PROBLEM TO BE SOLVED: To reduce melting amount of snow on a skiing slope and keep snow quality good and suppress energy consumption while keeping an interior of a building at a temperature at which a skier in a comparatively light dress can enjoy skiing by a simple and inexpensive construction. SOLUTION: This snow maintaining apparatus sprinkles artificial snow 16 of a specified thickness on a heat insulated slope 15 in an interior of a building so as to form a skiing slope 17 and maintaining accumulated snow on the skiing slope 17 by feeding cooled air through a cooled air jetting nozzle N so as to cool snow surface at about 2C. The cooled air jetting nozzle N is provided in a top end part of an expandable pipe 27 capable of being expanded and retracted in a hole H formed in the slope 15. The cooled air is fed also through a plurality of cooled air holes 22 arranged along at least one side of the slope 15. The cooled air jetting hole N is provided with a cover for closing the hole H.

Description

DETAILED DESCRIPTION OF THE INVENTION

[0001]

BACKGROUND OF THE INVENTION 1. Field of the Invention The present invention relates to an apparatus for maintaining the snow quality of a snow-covered slope on an indoor ski slope in which an artificial snow ski slope is provided inside a building.

[0002]

2. Description of the Related Art Due to the development and diversification of the leisure industry, there is a demand for skiing in a comfortable environment without being affected by the natural environment. In order to meet this demand, indoor artificial ski resorts have been constructed, and not only in cities and suburbs, but also natural ski resorts so that skiing can be performed even in bad weather.

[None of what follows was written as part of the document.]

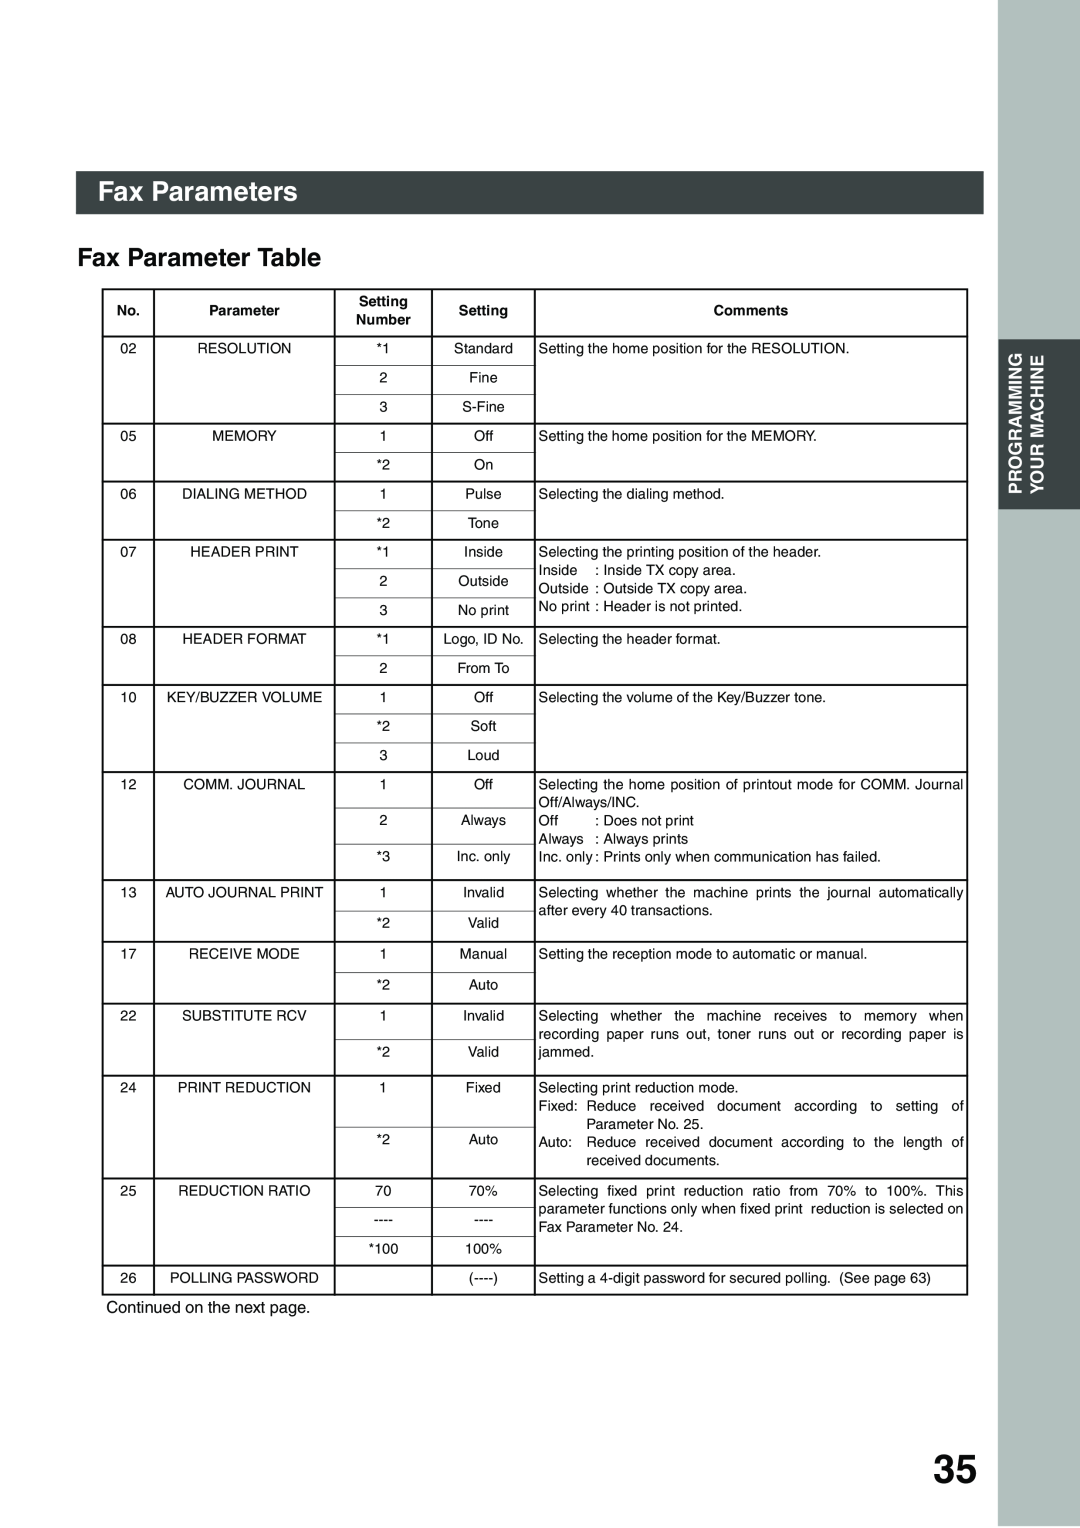 Panasonic DP-135FP appendix Fax Parameter Table, Fax Parameters, Setting, Comments

FIG. 6 schematically shows the interior of a building as an example of a conventional indoor artificial ski resort. In this conventional indoor artificial skiing area, as shown in the figure, a slope 102 formed by slanting a predetermined thickness on a slope 102 formed inside a building 101 and inclined in a direction perpendicular to the drawing forms a slope 104. .
In the vicinity of the ceiling of the building 101, a compressed air pipe 105 is installed. An air compressor 106 provided outside the building is connected to the compressed air pipe 105 to supply compressed air. A water pipe 107 is erected along. The water supply pipe 107 is connected to a water supply device 108 provided at the outdoor part of the building. A plurality of common injection nozzles 109 are provided in the compressed air pipe 105 and the water pipe 107 which are parallel to each other. In addition, one end of a cool air supply pipe 110 that blows out cool air to the inside of the building and an air discharge pipe 111 that discharges air inside the building are provided on the side wall of the building.
Has one end penetrating and opening into the building. The other ends of the cold air supply pipe 110 and the air discharge pipe 111 are connected to an air cooling device 112.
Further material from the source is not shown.